Showing posts with label denial. Show all posts
Showing posts with label denial. Show all posts

Monday, May 29, 2017

Denial

A friend was taken to the hospital with severe breathing difficulties.

We do this, as he did, when we're older: we pretend severe symptoms are:
(1)Passing
(2)Imagination
(3)A nuisance, but let's not tell anyone because, you know, they might over-react and worry and insist on stupid stuff like ambulances.

He's been hospitalized a week now and all sorts of nuisancy eye-rolling tests have occurred which he has shared with some of his closest friends.

It turns out there are four blockages in the veins leading to his heart, pretty severe blockages, which is going to necessitate by-pass surgeries as stents are considered too risky as he's 76. So he's in line for major surgery and it might be today.

Like myself, he was a heavy smoker and we quit about the same time, around thirty years ago.

BUT the lifelong effects are with us both. And when doctors and technicians informed me about MY smoking and the now disastrous effects on my legs and arms, my internal dialogue tells me they haven't a clue, look at the running races, the half-marathons, etc., how could a long ago habit affect me now?

My friend T has reinforced all this ridiculous denial for me. And I do so wish the young would quit while there is time. I quit in my forties after only 24 years of it but it was enough to do untold damage to my vascular system which has now aged and is unable to cope anymore. Much like my friend T's.

We've been led to believe it's lung cancer we should be worried about. But I, for one, ignored the fine print of it's other long-term effects. T has brought it all home to me, and now I really believe that yes, it was the stupid smoking that I'm paying for now.

Monday, June 09, 2014

Black and White and Denial all Over


Part 1 of _____

Another of my lobes has exploded, so enough of my blog-fluff for now:

Tuam. Dead children being tossed in unmarked disused septic tanks in Galway up to 1961. The stark horror of it all. But nothing is black and white is it? The debate can rage on if it was or wasn't a septic tank. Distraction from the huge black elephant lounging about in the living room shoving everything else out of sight. I read vituperative blasts of prose condemning the "bitches", the "evil bitches" who ran these horrific homes for "wayward girls" who had the temerity to get themselves pregnant, all by themselves. The bases were covered in these places - if they were younger than the age of consent, still children themselves: well then the devil himself had a hand in it, making them tempting seductresses of innocent adult males, be they their fathers, uncles, brothers or the local priests. Those fathers of these casual sperm implantations were never made accountable. Or answerable to the law of the land. Oh, sorry, the land where the word "rape" was never countenanced. And paedophilia I didn't know about apart from a difficult to spell word in crossword puzzles.

She must have been "asking for it" was the phrase I heard around my house.

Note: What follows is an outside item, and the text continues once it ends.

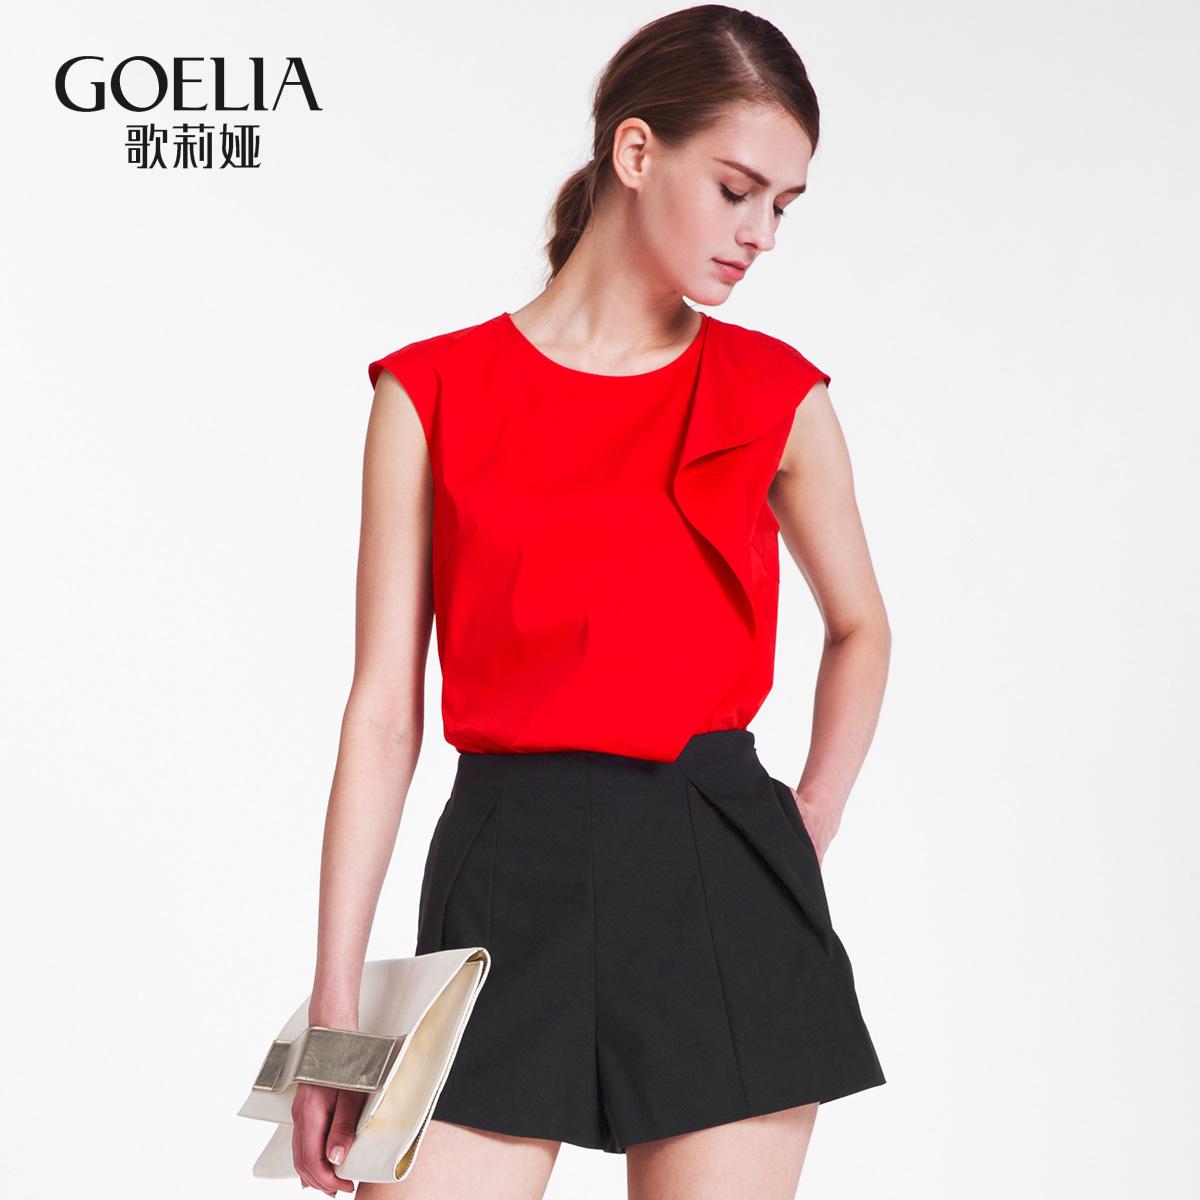 歌莉娅女装 GLORIA歌莉娅夏无袖背心圆领甜美衬衫上衣165C3A010_推荐淘宝好看的歌莉娅

There was a girl in my class in national school. We were 12. Just past our confirmation where we pledged our purity, our bodies, ourselves to the Invisible Cosmic Housekeeper. By the age of 12 I'd been touched inappropriately by men a few times which I've written about on this blog - no little girls are safe in a patriarchal culture such as Ireland was in my time. This little girl's mother was a casual church acquaintance of my mother. They were poor. I remember that. Kathleen was her name. Kathleen got very fat very quickly and then one day never showed up at school again.

I kept pestering my mother as to what happened to Kathleen. Finally my mother broke down and told me Kathleen's mother was expecting another child (her fourteenth) and was older (mid forties) and Kathleen had to stay home and help her.

Later, much later, I was in high school and had seen Kathleen around, wheeling an obviously mentally challenged toddler in a stroller, my mother told me Kathleen was one of the "lucky ones" and didn't have to go to a "home for bad girls."

And that's when I heard another phrase, common in use in Ireland then: Kathleen had "allowed" someone to "interfere" with her.

Later again, my mother told me it was Kathleen's father who had "interfered" with several of his daughters, thus the massive "retardation" in the younger "siblings" and an aging mother covering it up, to protect her daughters from the hellish "homes" run by the sisters.

He was a good man, a pillar of the church, said my mother, with only the one "weakness".

A good man? I asked her in disbelief, a good man?

Ah, said my mother, sure he didn't drink at all.